Things have taken a turn for the worse, and it suddenly sounds like a dying cat has lodged itself in the speakers. But you can't leave; you still have a plate of food. It's just another night at Sushi Toi. The restaurant is named after owner Sushi Boy's wife, but he's the master of ceremonies. Every Thursday, Friday, and Saturday night, it's Boi's job to coerce patrons, preferably those tanked on 15 glasses of sake (but then, they really don't need coercion), to the Sushi Toi stage to belt out tunes picked from the massive songbook. And if the stars happen to be aligned just so, you might be able to hear Boi himself sing "Lady in Red." If that doesn't drop a tear in your Kirin, you're dead inside.
Ladies who dig ladies are throwing lipstick across their smackers on Friday nights and heading to Wilton Manor's Five Points to experience the 7-month-old lesbian hot spot, Martini Cabaret. Resident DJ Daddy spins Latin and dance mixes for a crowd that's thick till 3 a.m. The digs are upscale, and martinis run around $8.50. Happy hour is 4 to 8 p.m. Monday through Thursday.

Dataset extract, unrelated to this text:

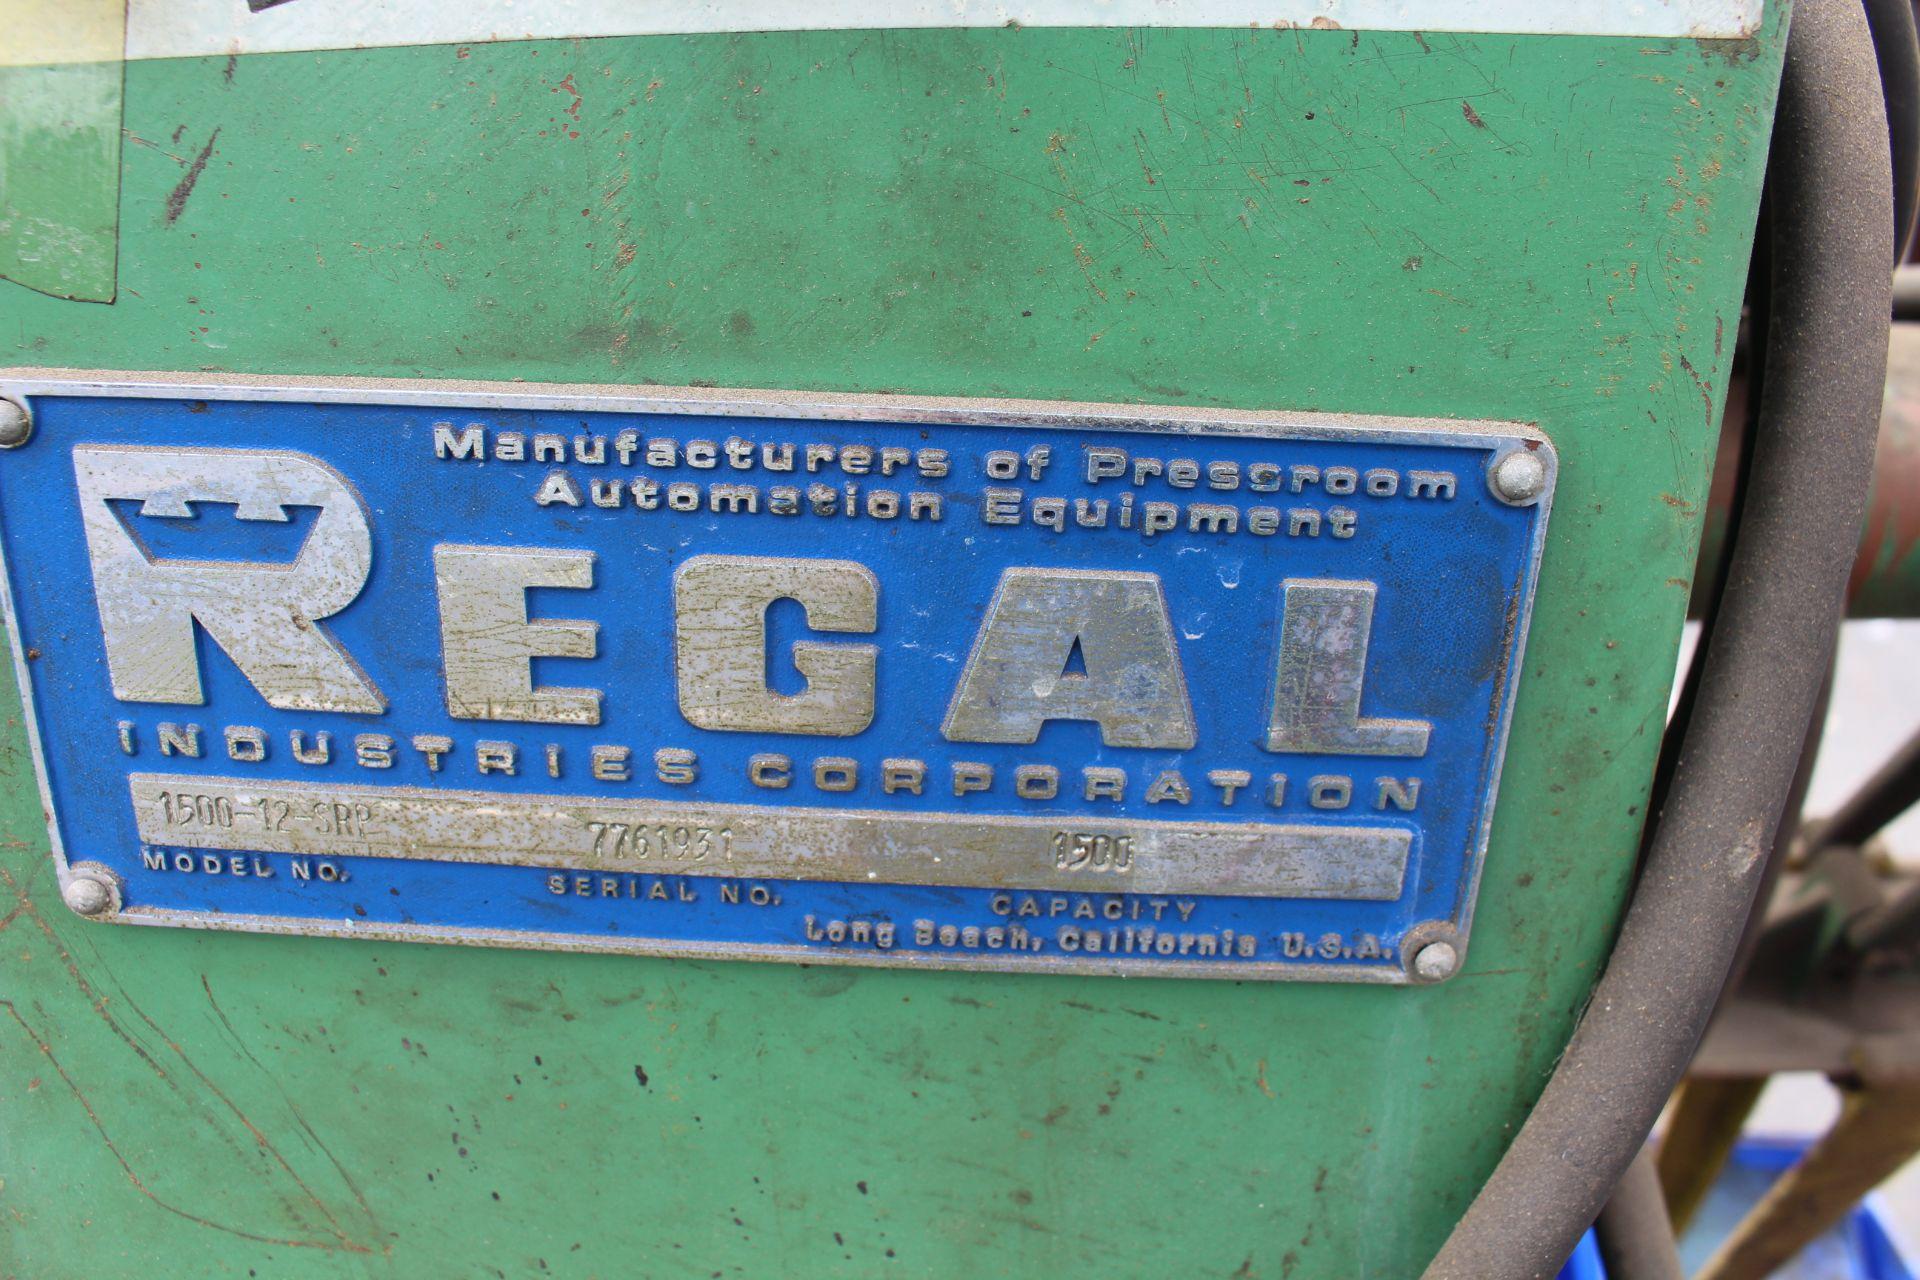 REGAL MODEL 1500-12-SRP COIL REEL, 1500 LB CAPACITY, S/N 7761931 - Image 2 of 2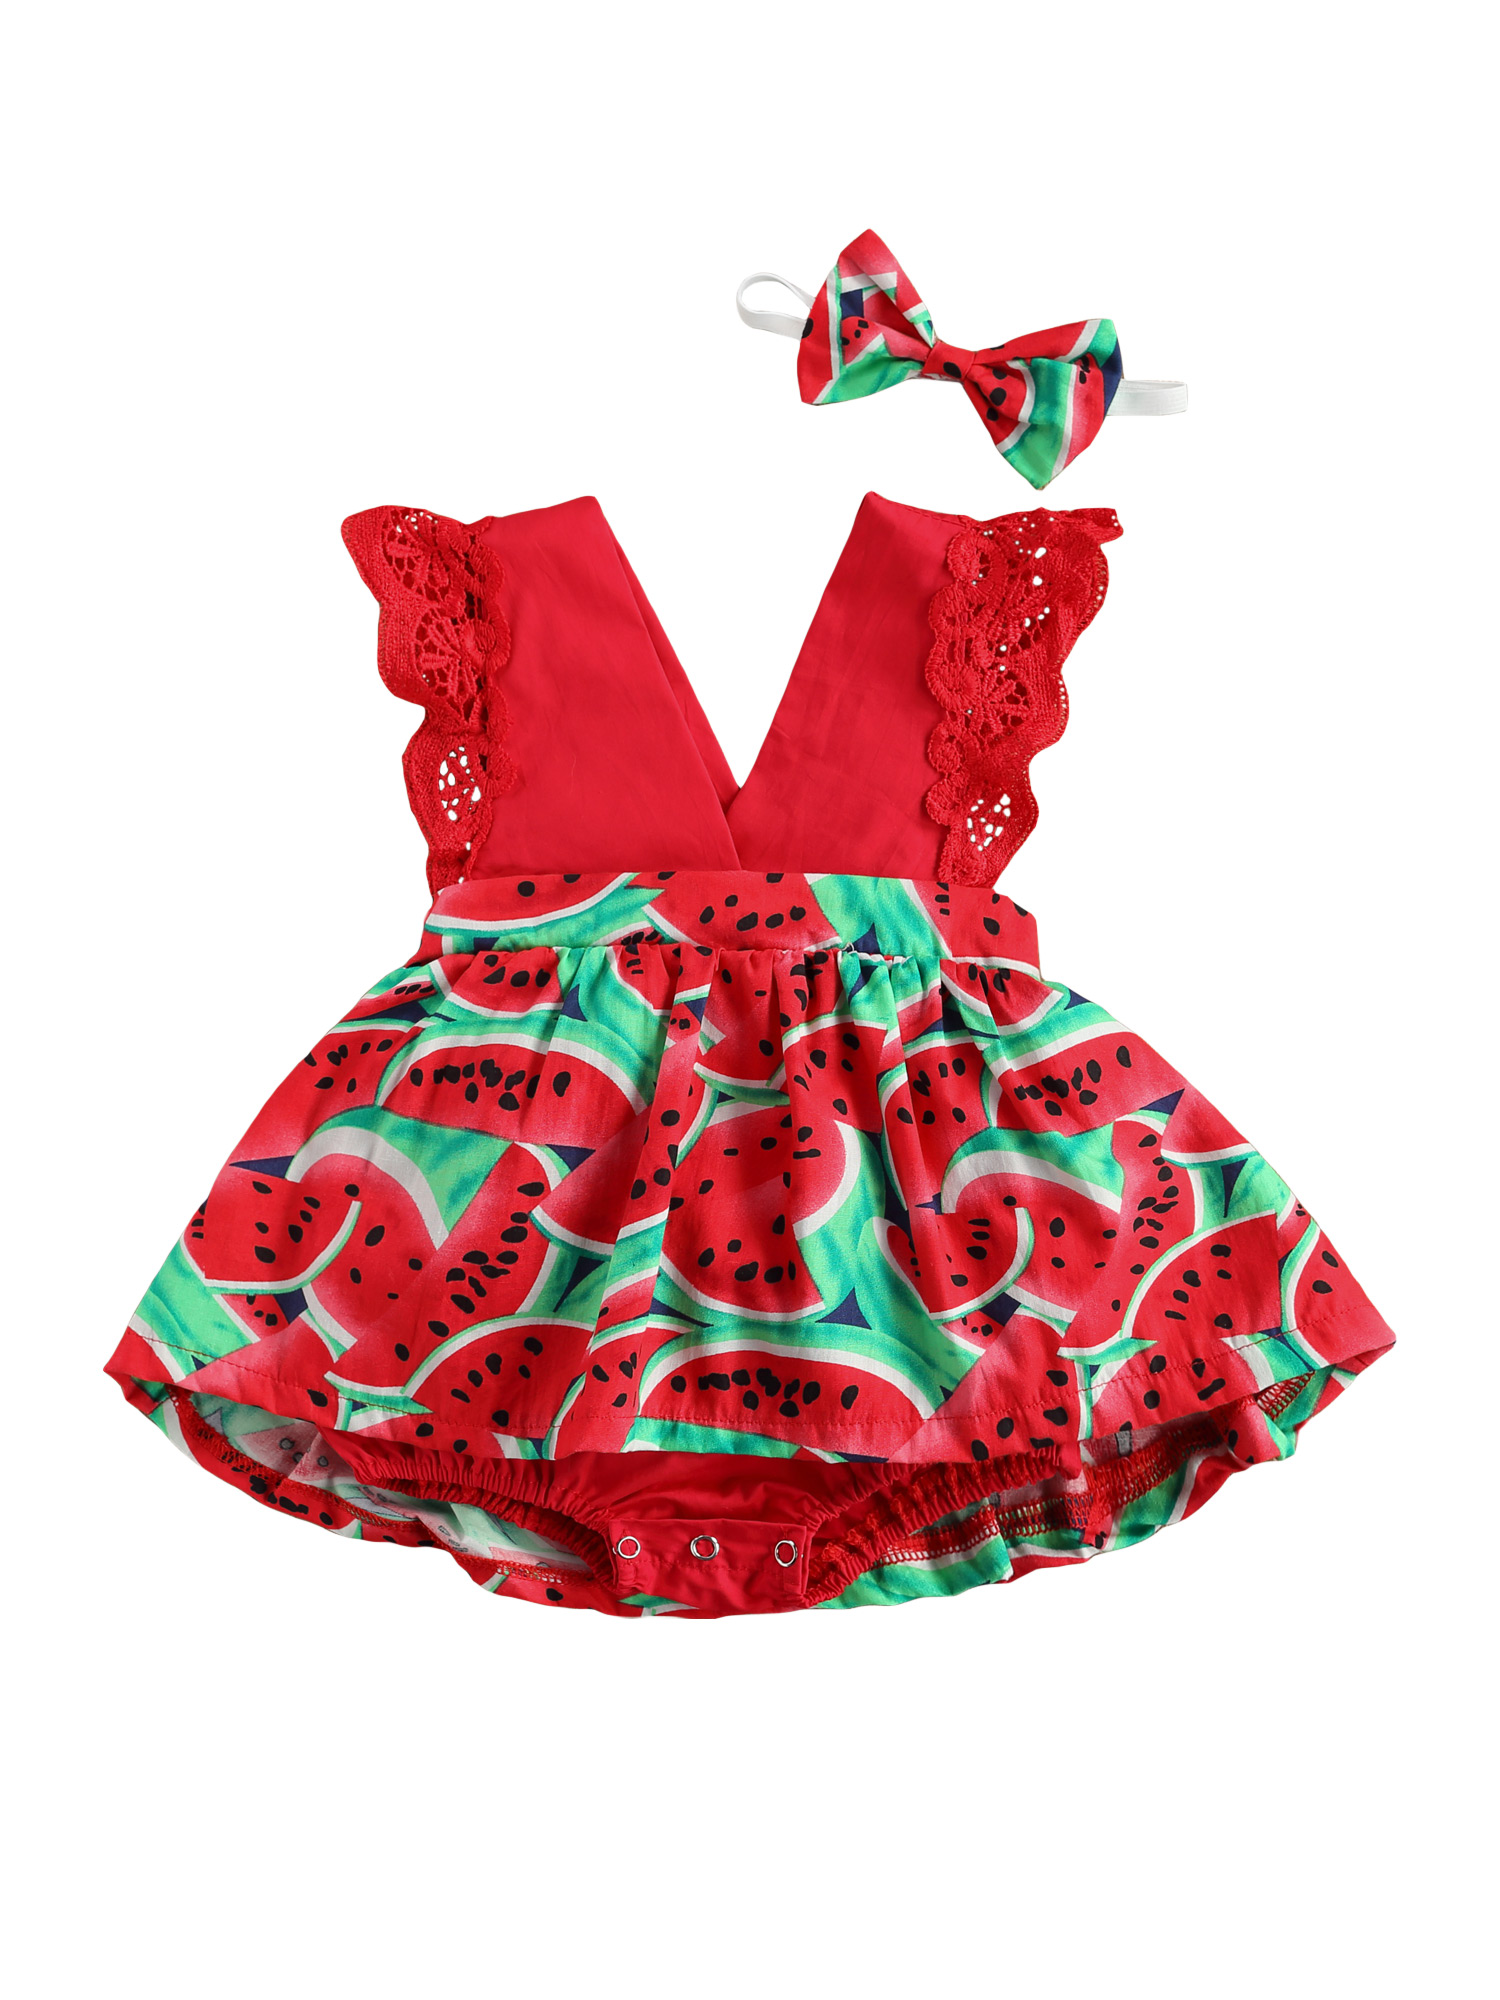 Baby Girl Clothes Watermelon Print Girls Romper Sleeveless Deep V-neck Short Jumpsuit Bow-knot Headband Children's Clothing Set

Cathode Ray is the standard gay bar in Broward County. Described by co-owners Larry Wald and Scott Belding as an S&M club -- stand and model, that is -- the three-room bar draws a large crowd on the weekends. But if there is pretension at the 20-year-old Cathode, it's overshadowed by the ready-to-go-crazy crowd that doesn't take itself too seriously. Smokers and shmoozers pour through the door onto the sidewalk and bust sensational moves to music that ranges from Madonna and Whitney to '90s booty mixes. Formal fun includes Wednesday night's Pick-a-Trick contest hosted by Larry and live drag performances by Monica Moore every Thursday at 10:30 p.m. There's always a drink special during the relaxed happy hours, and it's unlikely that you'll go home without a new number in your cell phone. The new madness at the club is a 4-month-long drinking contest called "Cathode University, The Institution of Higher Drinking," which includes a two-tiered mock fraternity system and cash prizes to be handed out along with mock degrees at the September graduation.